Lila Tretikov: the WMF needs your input in developing our strategy

In 2010, the Wikimedia community and the Wikimedia Foundation collaborated to develop a five-year strategy for the movement. The final strategy focused on major priorities such as increasing the number and diversity of contributors to our movement, the amount and quality of knowledge in our projects, and the number of people we reached every month.

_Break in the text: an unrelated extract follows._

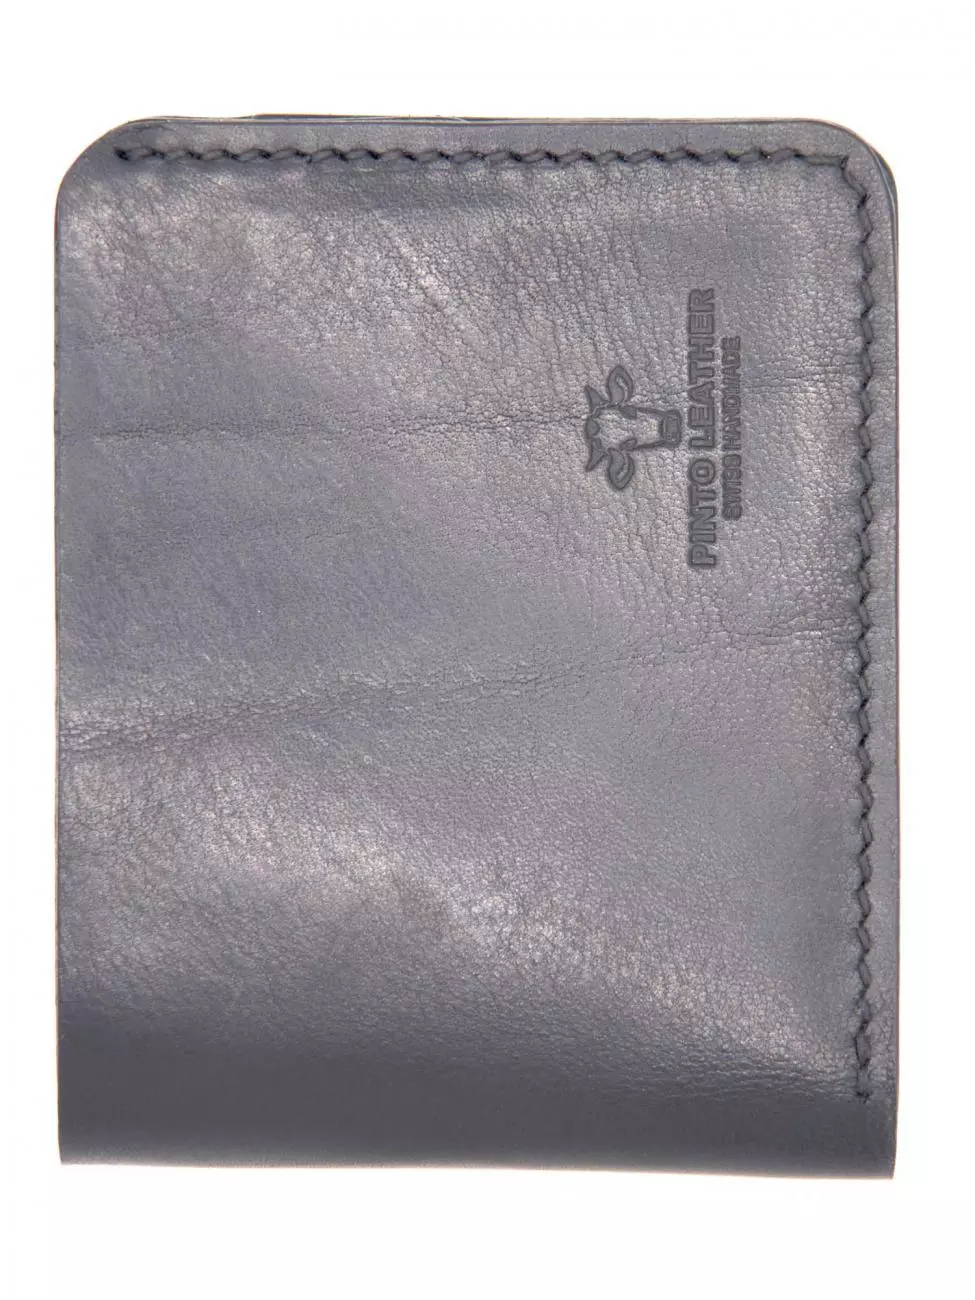 6 - Small leather wallet

Last year, in anticipation of the end of those five years, the Foundation began reviewing our progress. In 2015 the movement reached a long-standing goal of stabilizing the overall number of highly active editors on the projects. In other areas, such as increasing Global South contributors and improving gender diversity, more progress is needed. Overall, the movement targets adopted by the Wikimedia Foundation’s Board of Trustees in 2010 have not been reached yet and are still applicable today.

Therefore this year, we decided to focus on the role of the Foundation in supporting our movement and our vision, which we see as conceptual triangle of reach, communities, and knowledge:

While these provide a framework for our overarching goals, the Foundation needs a practical plan that will:

To make our plan as effective as possible, we will limit the scope of this strategic planning to the Foundation as one global organization within the broader movement. We are inspired by the efforts of the communities and Wikimedia movement affiliates, which support overall movement goals through independent local strategies tailored to their own strengths, capacities, and operating environments.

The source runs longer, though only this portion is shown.